Я позвала с собой Катьку, свою еще московскую подружку, с которой мы однажды встретились случайно в Бостоне и, узнав друг друга, притянулись и стали близки, подпитывая дружбу общим прошлым и, главное, общим настоящим. По московской привычке, я звала ее не Катя, а Катька, так же как и она звала меня Маринка вместо Марина, и эта фамильярность, кажущаяся естественной для нас обеих, но непозволительная ни для кого другого, дополнительно подчеркивала нашу близость,

Катька была восхитительно рыжей, и я бы даже не сказала высокой, а скорее величественной, более того, роскошной, с крупными формами, отточенными чертами лица и завораживающими глазами, полными переливающейся лазурной прохлады.
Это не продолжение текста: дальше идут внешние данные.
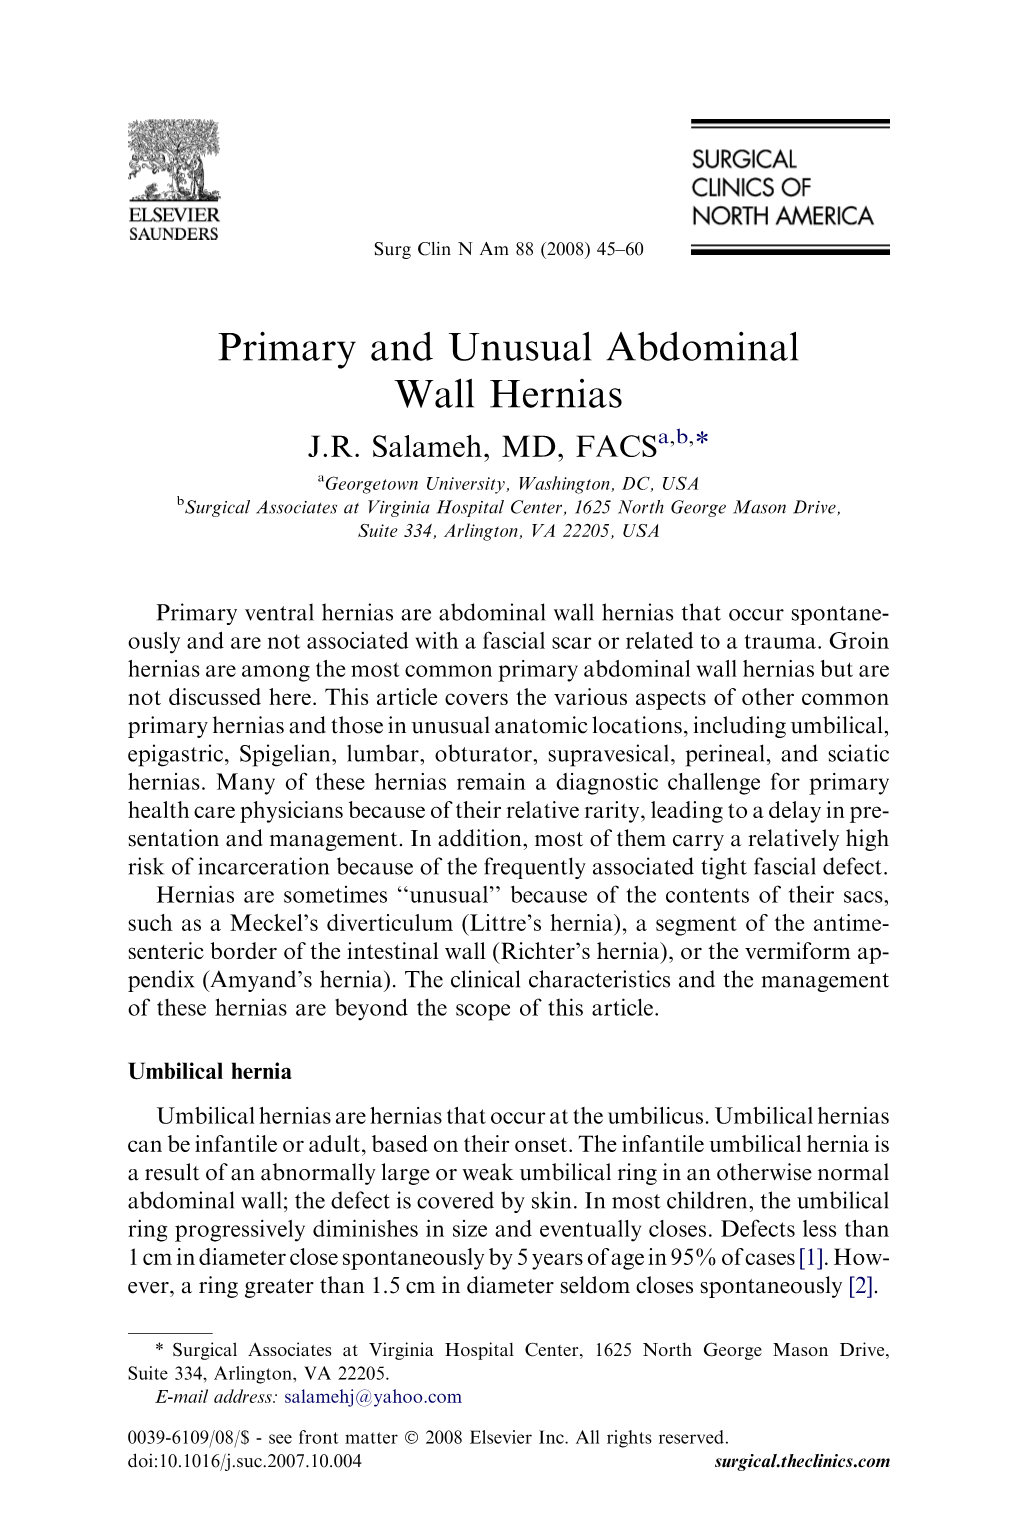 Primary and Unusual Abdominal Wall Hernias J.R

Не то чтобы она совсем не была зациклена на своей красоте, о которой ей не давали забывать ни разрывающийся от звонков телефон, ни взгляды мужчин на улице, но относилась к ней, скорее, спокойно и как бы даже философски, типа: «Ну что ж теперь, если уродилась такой?»

Вообще, любой человек, одаренный от Бога талантом, — а природная красота это тот же талант, как, скажем, красивый голос или абсолютный слух, — пусть даже не желая того, пусть подсознательно, но талант свой пестует, пытается выставить наружу, как любой нормальный человек хочет продемонстрировать свою самую сильную сторону. При этом, как правило, делая упор на выдающемся качестве, постоянно культивируя его в себе, зачастую талантливый человек приносит в жертву другие свои качества, не обращая на них должного внимания, запуская и, более того, часто эксплуатируя их ради того единственного большого, на которое он сделал ставку. И это обидно, потому что гармония отступает под напором однобокости, и человек подсознательно зацикливается на своей так бережно взлелеенной способности.

Так же и с красотой, даже не так же, а хуже. Потому что она больше зависит от времени и быстротечнее любого другого человеческого свойства. К тому же она постоянно на виду, ее не спрячешь за фасад ни новой профессии, ни увлечения, и оттого не можем мы простить ее потерю тем, кто когда-то был ею награжден. Именно поэтому, наверное, так философски печально нам встречать людей, не удержавших ее, — мол, вот что делает с человеком жизнь.

Но Катька, будучи в целом небезучастной к своей красоте, подходила к ней как бы снисходительно, свысока, не позволяя той доминировать над собой. Этот ее постоянный ироничный подход как к себе, так, впрочем, и ко всем другим, граничащий иногда с чисто московским цинизмом, и был тем ностальгическим магнитом, который, помимо прочего, притягивал меня к ней.

В Москве она училась в университете на юридическом, но здесь идея профессиональной карьеры представилась ей уморительной, и она небезосновательно, хотя чисто интуитивно, определяла и готовила себя для другого, не уточняя, впрочем, для чего; во всяком случае, вслух.

Мы сидели с Катькой, глубоко откинувшись на спинку дивана, и злословили, по-русски, конечно, обо всех присутствующих — обо всех без исключения — и, наконец, дошли до Марка, и, наверное, тогда в первый раз мой взгляд пристально остановился на нем.